I hope these ideas inspire you to think more about the operations you want to perform with your Pascal triangle, because they will dictate the most appropriate data structure.
Edit: by request, here are some more explanations:
In the first version, m_data is a vector of vectors. Each contained std::vector<int> represents a row in the triangle.
The operator() function is a syntactical helper, allowing you to access PascalTriangle objects like this:
PascalTriangle my_triangle(10);
int i = my_triangle(3, 2);
assert makes sure that your code does not operate on illegal values, e.g. a negative row count or a row index greater than the triangle. But this is just one possible error reporting mechanism. You could also use exceptions, or error return values, or the Fallible idiom (std::optional). See past Stackoverflow questions for which error reporting mechanism to use when. This is a pure software-engineering aspect and has nothing to do with maths, but as you can imagine, it's, well, very important in software :)
CalculateRow returns a std::vector<int> representing the row specified by row_index. To implement it correctly, you'll need some maths. This is what I just found on Google: http://www.mathsisfun.com/pascals-triangle.html
In order to apply the maths, you'll want to know how to calculate n! in C++. There have been a lot of past Stackoverflow questions on this, for example here: Calculating large factorials in C++
Note that with the class approach, you can easily switch to another implementation later on. (You can even take it to the extreme and switch to a specific calculation algorithm based on the triangle height, without the users of the class ever noticing anything! See how powerful proper encapsulation can be?)
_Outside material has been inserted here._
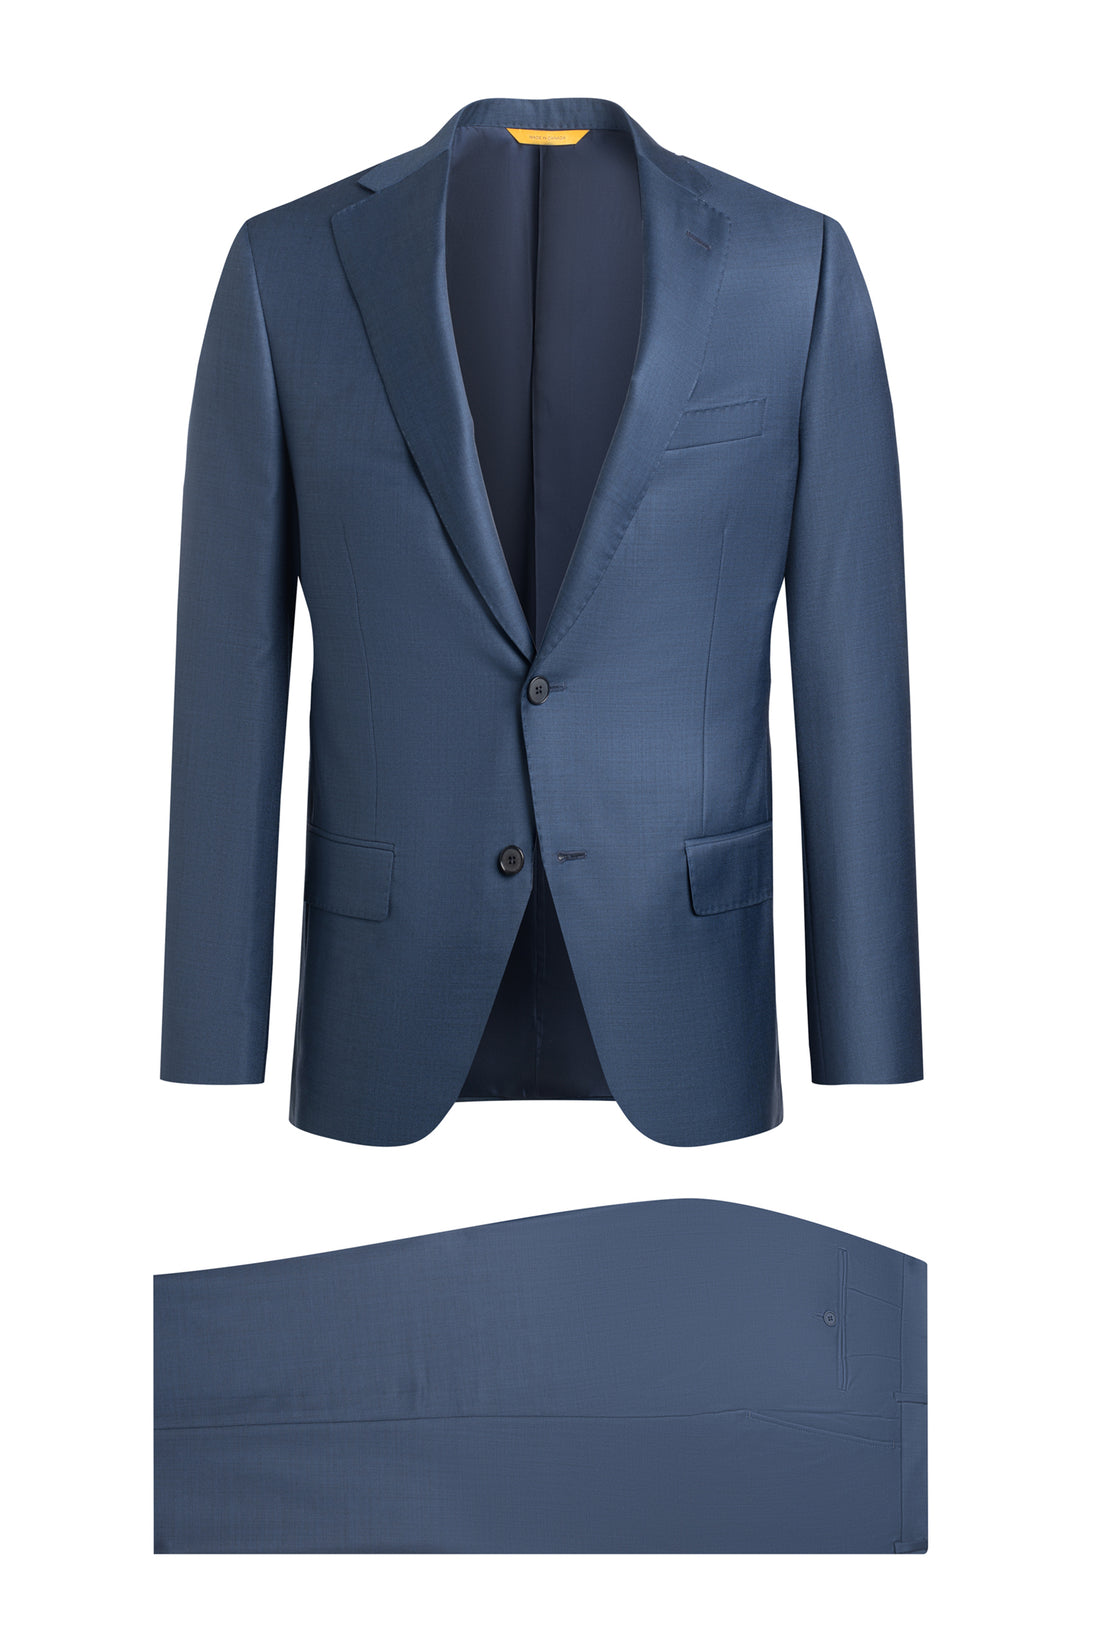 Blue Sharkskin Classic Suit

In the second version of the class, there is no permanent data storage anymore. CalculateRow is called only if and when needed, but the client of the class doesn't know this. As an additional possibly performance-improving measure, you could remember rows which you already calculated, for example by adding a private std::map<int, std::vector<int> > member variable whose int key represents the row index and whose values the rows. Every CalculateRow call would then first look if the result is already there, and add calculated ones at the end:
private mutable std::map<int, std::vector<int> > m_cache;
std::vector<int> CalculateRow(int row_index) const
{
// find the element at row_index:
std::map<int, std::vector<int> >::const_iterator cache_iter =
m_cache.find(row_index);
// is it there?
if (cache_iter != m_cache.end())
{
// return its value, no need to calculate it again:
return cache_iter->second;
}
// actual calculation of result left as an exercise :)
m_cache[row_index] = result;
return result;
}
By the way, this would also be a nice application of the new C++11 auto keyword. For example, you'd then just write auto cache_iter = m_cache.find(row_index);
And here's for another edit: I made m_cache mutable, because otherwise the thing wouldn't compile, as CalculateRow is a const member function (i.e. shouldn't change an object of the class from the client's point of view). This is a typical idiom for cache member variables.